I don't think our internal seach box scans image alts but Google does scan image alts along with the physical text in a website. For example, I can find the image with the just the alt for one of the images in the page you mentioned:
But its bad practice to just place keywords inside image alts. Image alts are supposed to be a a description of the image itself. It would be better if we updated our image alts to be actual descriptions of the images, including the keywords inside the alt descriptions.
cc @iterative/websites
Hmmm yeah maybe it's not that hard to find them, on search engines at least. Did you try image search @jendefig ?
It may be possible to run an OCR on the images and associate the images with the words found on them. It's a fairly straightforward process. It can even be an example project for pipelines, e.g. searching a set of images on S3 by the words found on them. We can run this time to time to classify the images we have.
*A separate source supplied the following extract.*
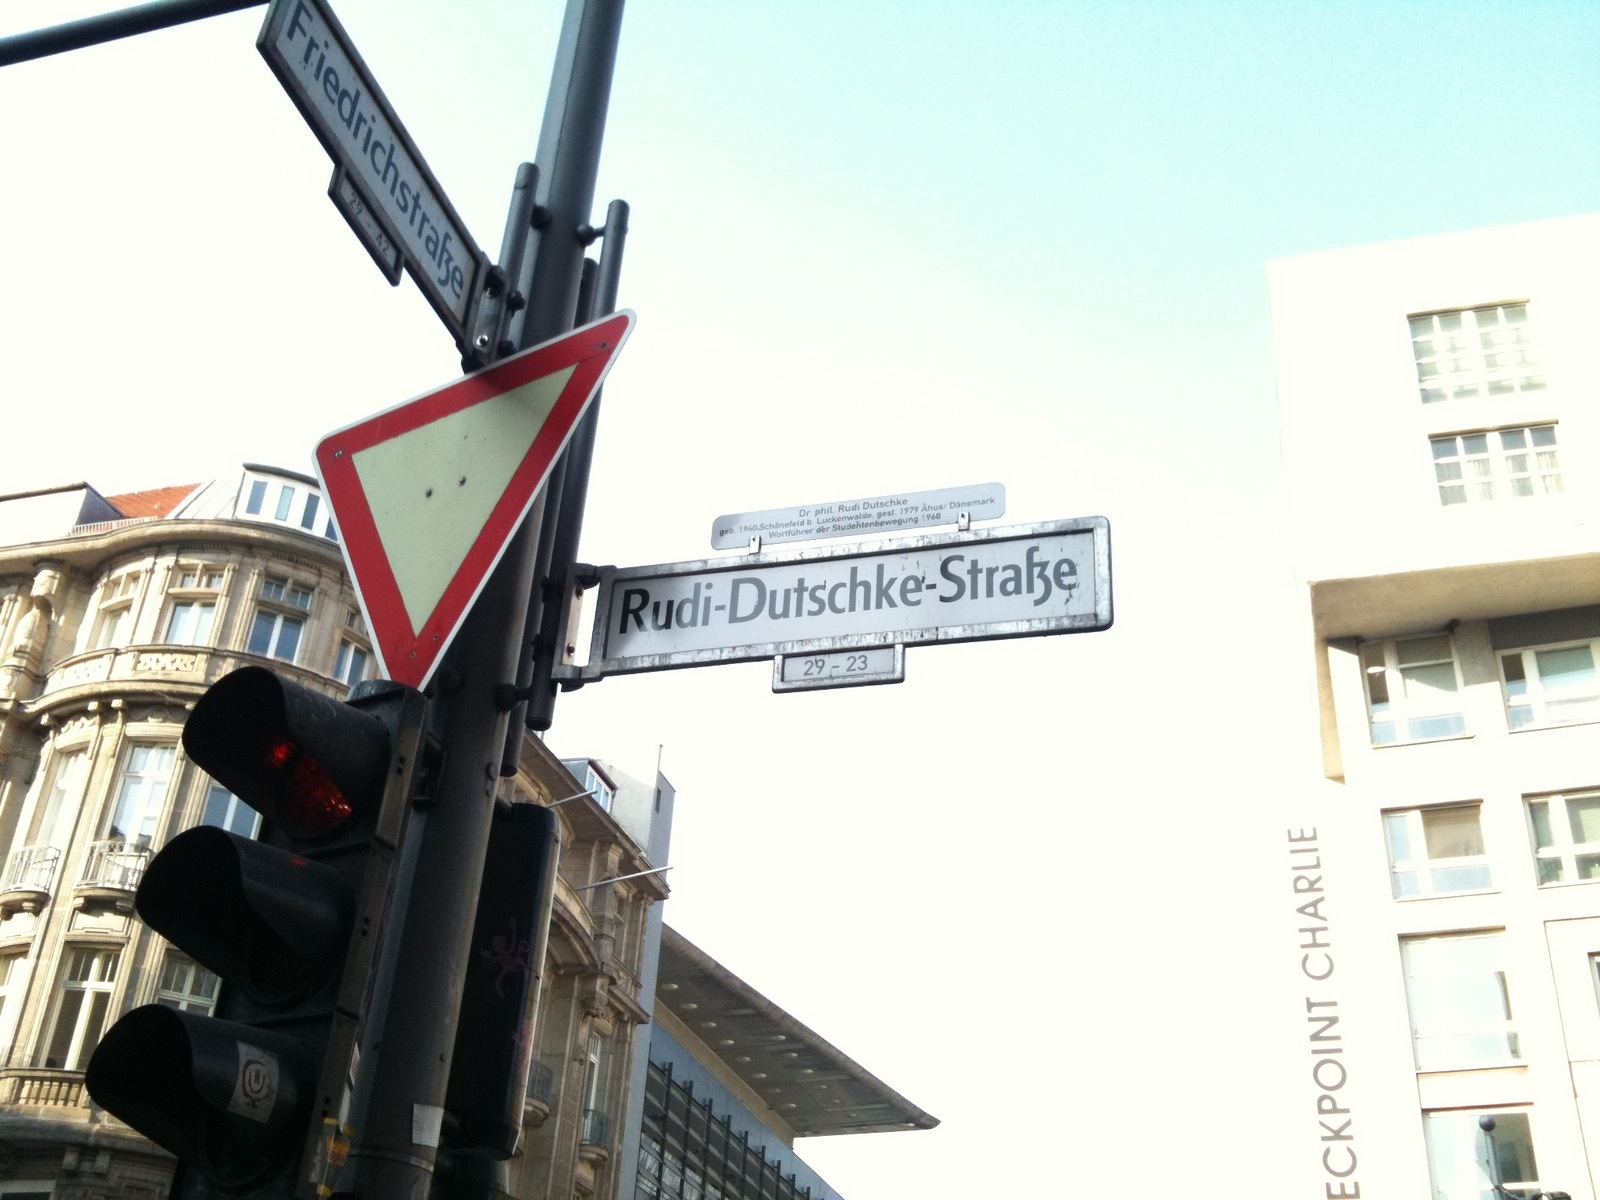 Rue Rudi Dutschke. Berlin, 4 mars 2011

Hmmm yeah maybe it's not that hard to find them, on search engines at least. Did you try image search @jendefig ?
If this is the case for all that's good, then it just needs to become properly searchable within our own website. But is it possible to work to showing up with this search? (ie not including DVC, I've heard several community members say they found our site because they googled what they were looking for - not through some other word of mouth). Would be great if images could be found in that way too?
What shows up when you click on images from same search
needs to become properly searchable within our own website
Renamed and relabeled the issue then. I'm not sure how to best approach that. It's a technical question for @iterative/websites, I think.
is it possible to work to showing up with this search
Yes but it seems difficult, "machine learning storage layers" is a broad idea and the Internet is a huge place. A SEO specialist could come up with a strategy but Idk if it's worth the investment. Or in theory once DVC grows a lot more and our site becomes an even more authoritative source, we'll naturally start to rank on that search. Maybe we do already but not in the first page (you can find our with https://search.google.com/search-console 🙂
is it possible to work to showing up with this search Yes but it seems difficult
p.s. there are basic improvements we can try like making sure the phrase or at least its key words are part of the text in that page (it's missing "storage layers", actually).
you can find our with https://search.google.com/search-console
I checked and we do not rank on that query ATM.